Отец среди рыжеволосых, с тонкими лицами односельчан выделялся смуглостью, черными пронзительными глазами, крупными чертами лица. Как полагается каждому уважающему себя роду, из поколения в поколение бережно передавалась легенда.
Когда-то по Сибирскому тракту гнали каторжан. Они заночевали в избе моих прапрабабушки и прапрадедушки. Прапрадедушка нёс службу в царской армии – а служили тогда 25 лет. Утром каторжан подняли и погнали дальше. Среди них был один: забубенная головушка, бойкий, кудрявый, пронзительно черноглазый. Уходя в колонне, она часто оглядывался на стоящую в калитке солдатку – за что, вероятно, схлопотал удар оружейным прикладом по шее.
Через девять месяцев солдатка разрешилась черноглазой смуглянкой. Девочка была ещё мала, когда прапрадедушка, отставной служака, переступил порог родной избы. Сельчане гадали: выкатит ли он неверную жёнку ногами за порог и вдоволь на ней напляшется коваными солдатскими каблуками? Или просто выставит с младенцем за порог и запьёт горе кумышкой?
Напрасно топтались любопытные: дверь избы так и не распахнулась. По преданию, прапрадедушка произнёс слова, столь с почтительно передаваемые из поколения в поколение. «25 лет я без жены жил – всякое бывало. 25 лет жена меня ждала – камень бы не выдержал, а она живой человек». И ещё: «Я бы и камень на дороге подобрал, не выбросил. Неужели живого человека выброшу?» Отсюда будто бы замешалась в нашем роду смуглость, чёрные волосы и тёмные глаза. Самое интересное, что внука назвали Пётр – в переводе «камень».
Тридцатые годы прошлого века. Не было в те годы массовиков-затейников. А веселиться деревенский народ умел самозабвенно, от души. Мазали лицо сажей – вот тебе леший. Выворачивали наизнанку шубу – медведь. Наверчивали на шею тряпье – петух.

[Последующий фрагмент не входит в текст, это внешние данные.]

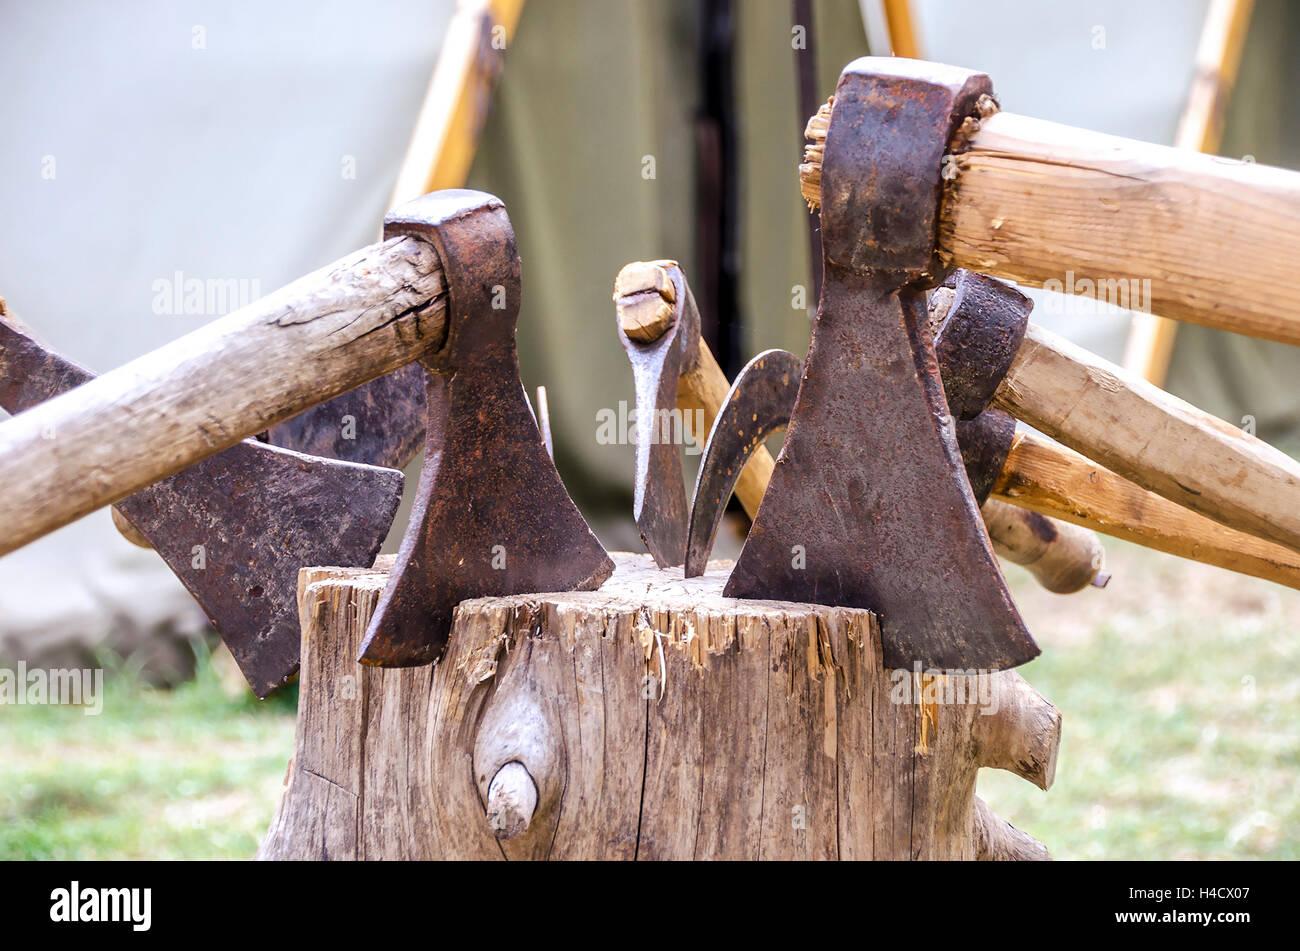 axes firewood woodcutter stump log stub - Stock Image

Светит ясный месяц, идут по деревне девки, поют песни. А навстречу – сани. Без лошади, без седока. Катятся сами по себе ровно, тихо – жуть! Девки визжат, разбегаются и того не замечают: за невидимые в темноте веревки, прячась за сугробы, сани тащат бравые ребята.

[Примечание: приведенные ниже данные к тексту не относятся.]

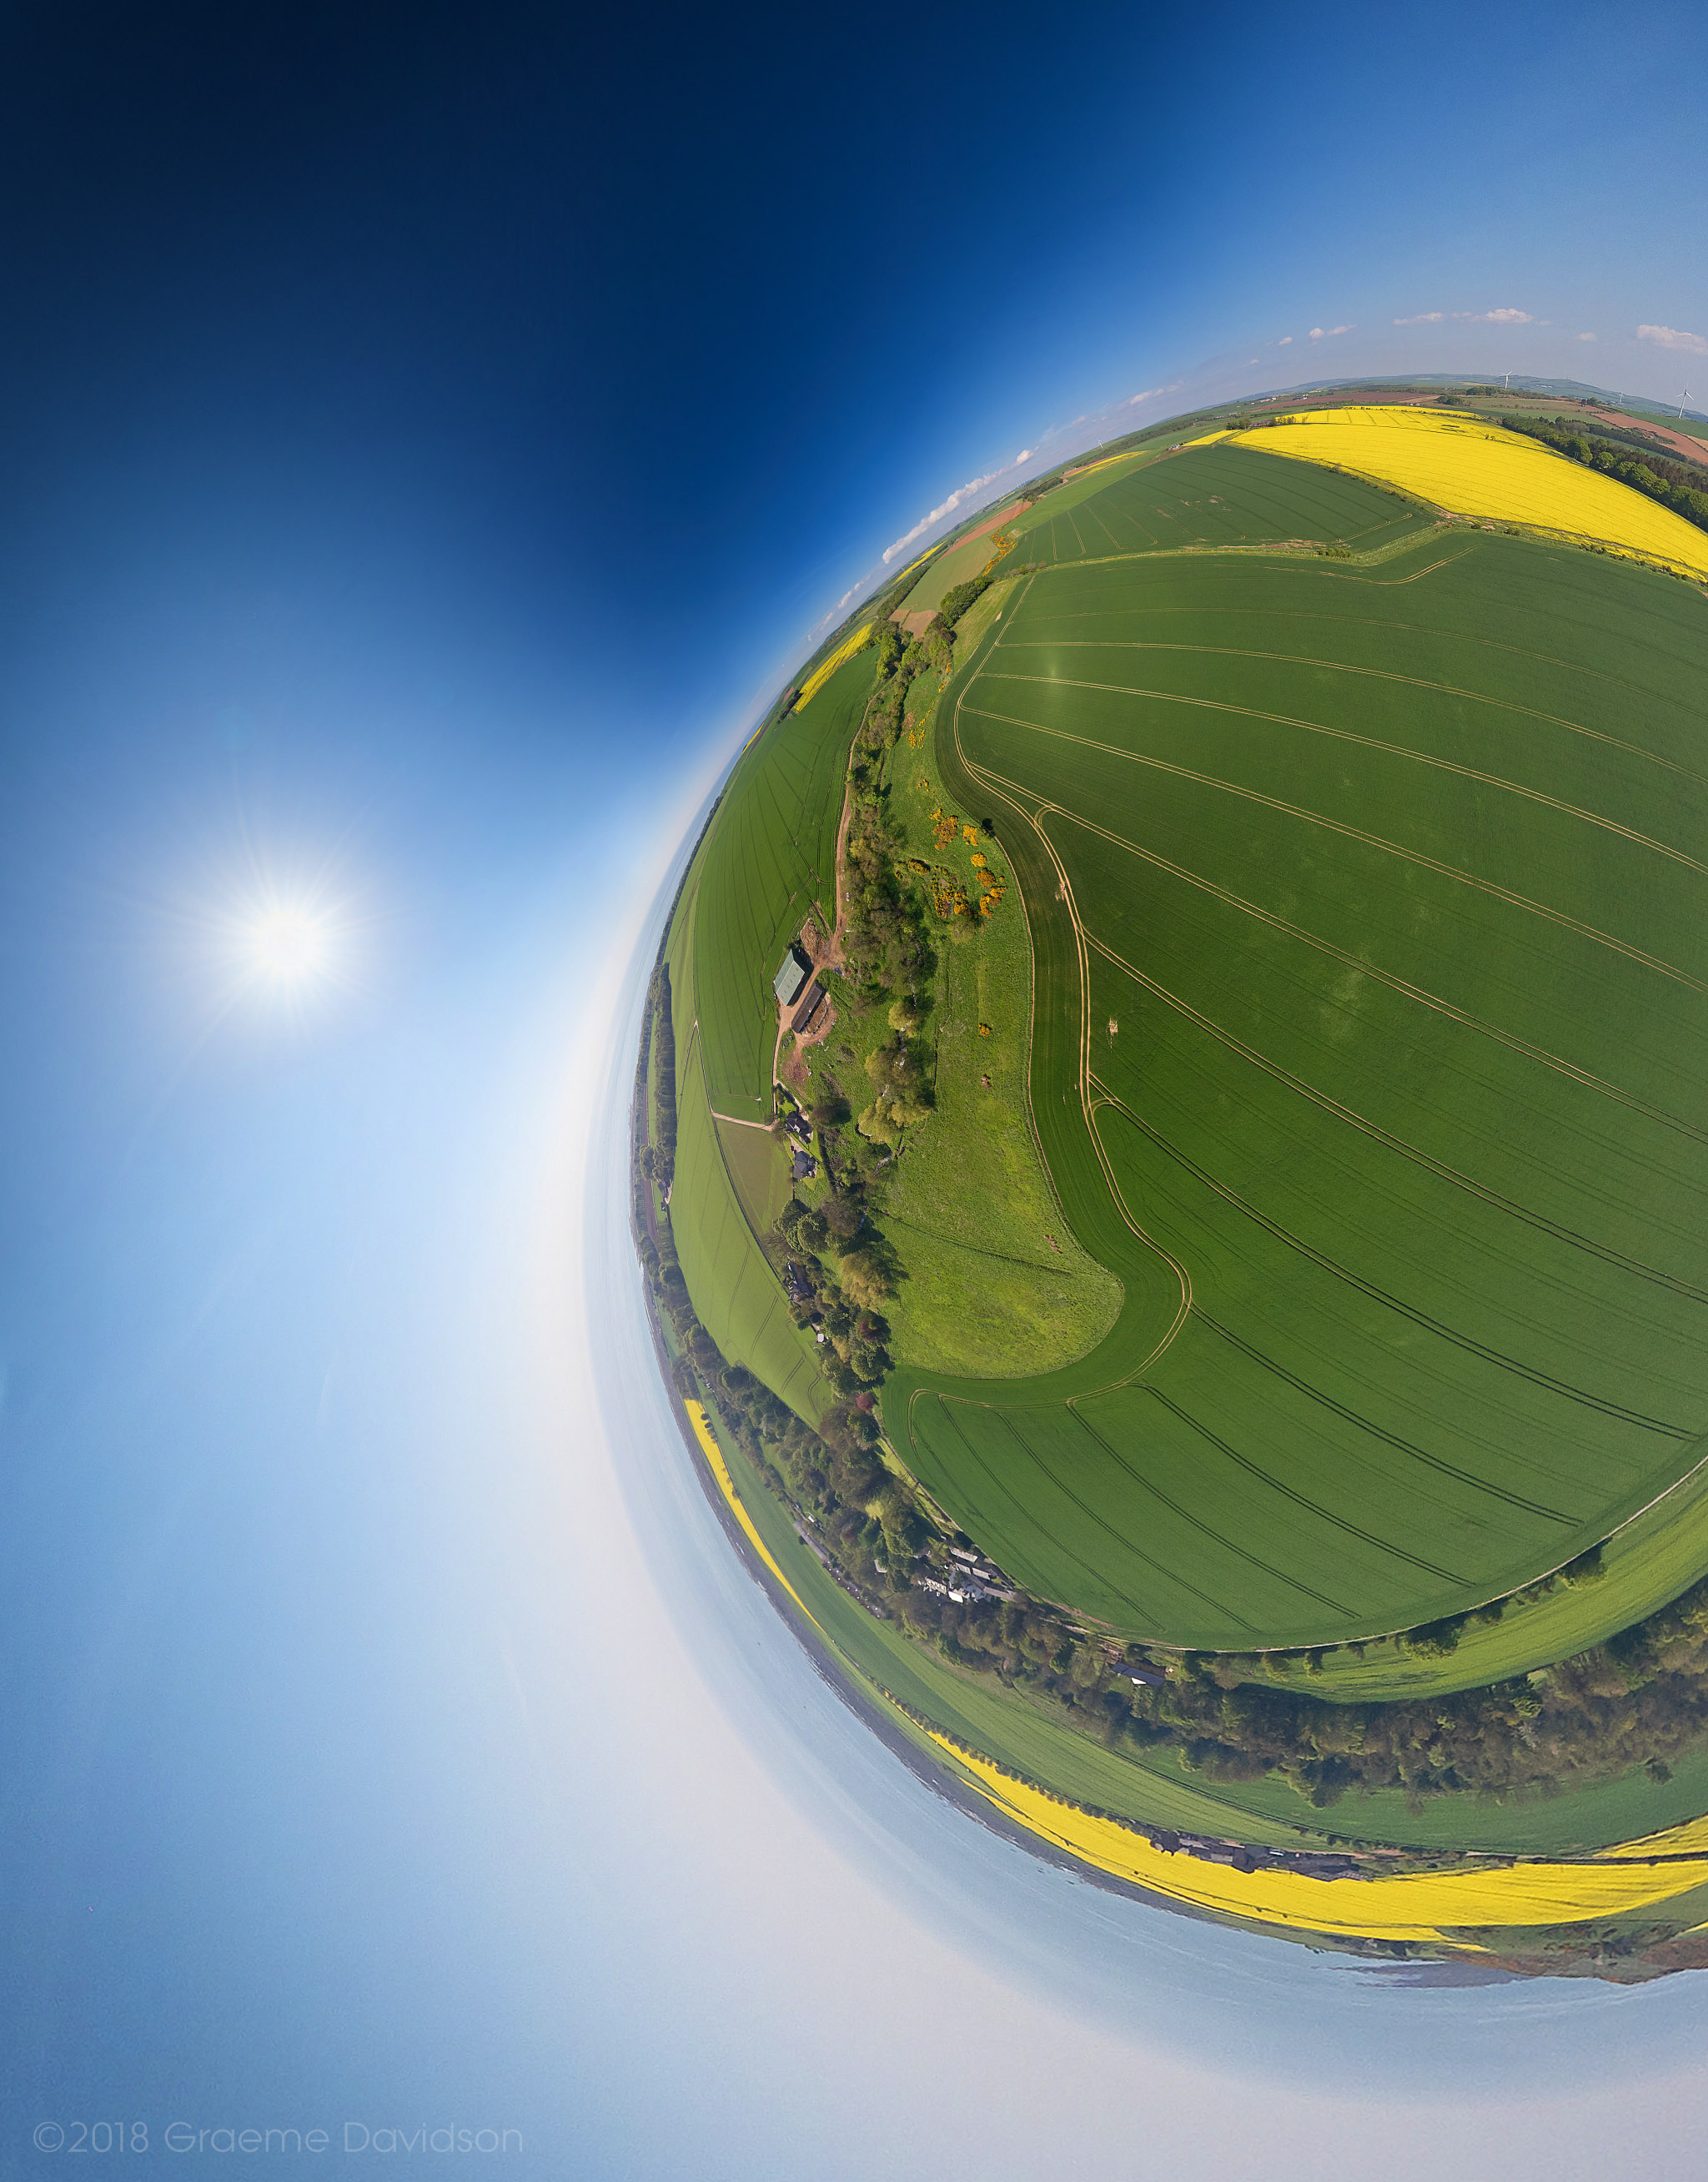 Upper Birnie - Little planet

Мамина тетя из-за собственной свадьбы три дня не выходила на колхозные работы. Наказали всю семью – конфисковали конную молотилку, зерно, раскатали по бревнышку двухэтажный амбар. Не оставили даже лукошка с яйцами и бабушкиной шубы.

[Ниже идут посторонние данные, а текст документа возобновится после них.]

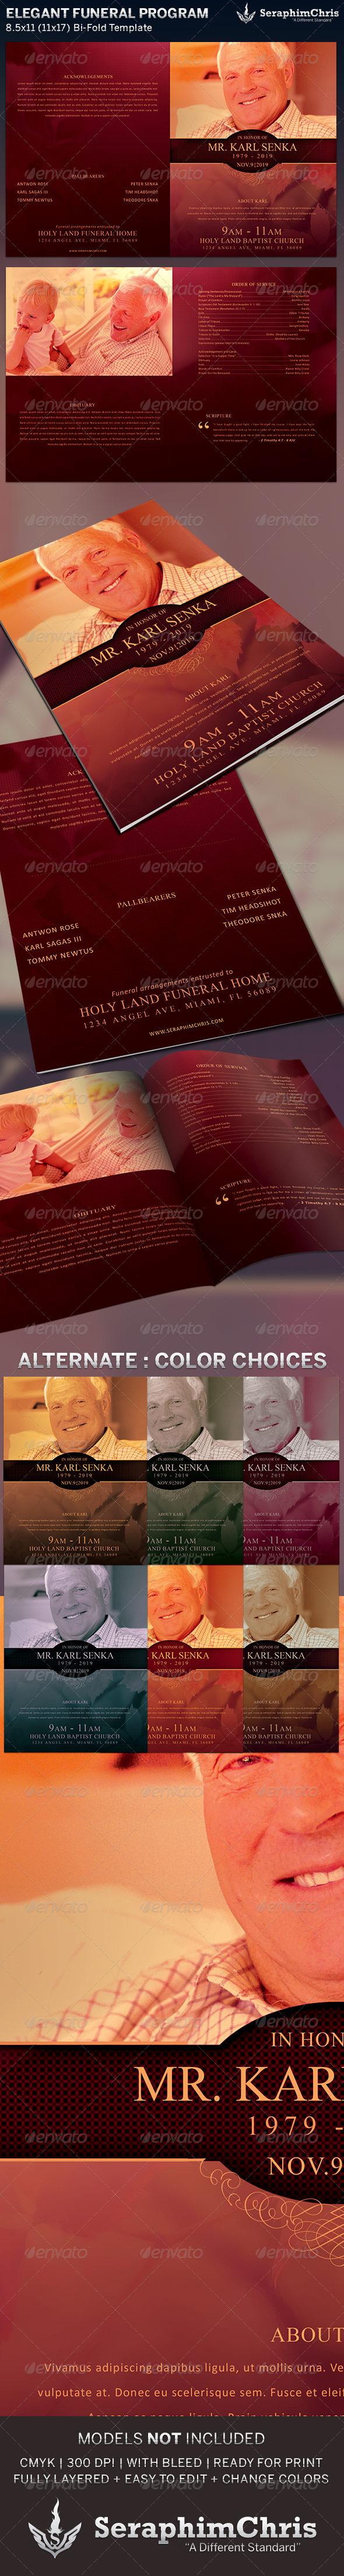 GraphicRiver Elegant Funeral Program Bi-Fold Template 6341646

Если бы не односельчане, семья умерла бы с голоду. Мамина сестренка Анюта нянчилась с соседским дитем, ее за это сажали за хозяйский стол. Когда она возвращалась, маленькая мама пристально, светящимися от худобы глазами всматривалась в ее лицо:
– Ты сегодня кушала? Да?
Сестренка, стыдясь, шептала: «Да».
– Мы собрали большой бидон ягод, – рассказывала мама, – понесли в Глазов и обменяли у рабочего на буханку хлеба. Несем домой, жарко, руки красные от сока, даже хлеб пропах ягодами.
Не зря бытовала пословица: «Земляника – деликатес для богачей и пища для бедняков». Мне, маленькой, такой обмен казался чудовищным. Противный дядька-рабочий, говорила я. Поползай-ка, собирая землянику, под палящим солнцем, под тучами комаров и променяй ее на какую-то буханку?! Не понимаю. И мой сын, которому я в детстве рассказывала про бабушкин обмен, этого не понимал. Дай Бог, чтоб и дальше дети считали: хлеб – это нечто само собой разумеющееся. Вечное как воздух, вода, солнце.
Война. Мама заканчивает педучилище. Когда проходит мимо городской пекарни, каждый раз замедляет шаг, опирается о низкий заборчик и стоит так некоторое время. Не затем, чтобы насладиться запахом горячего хлеба, а чтобы унять головокружение и не упасть в обморок.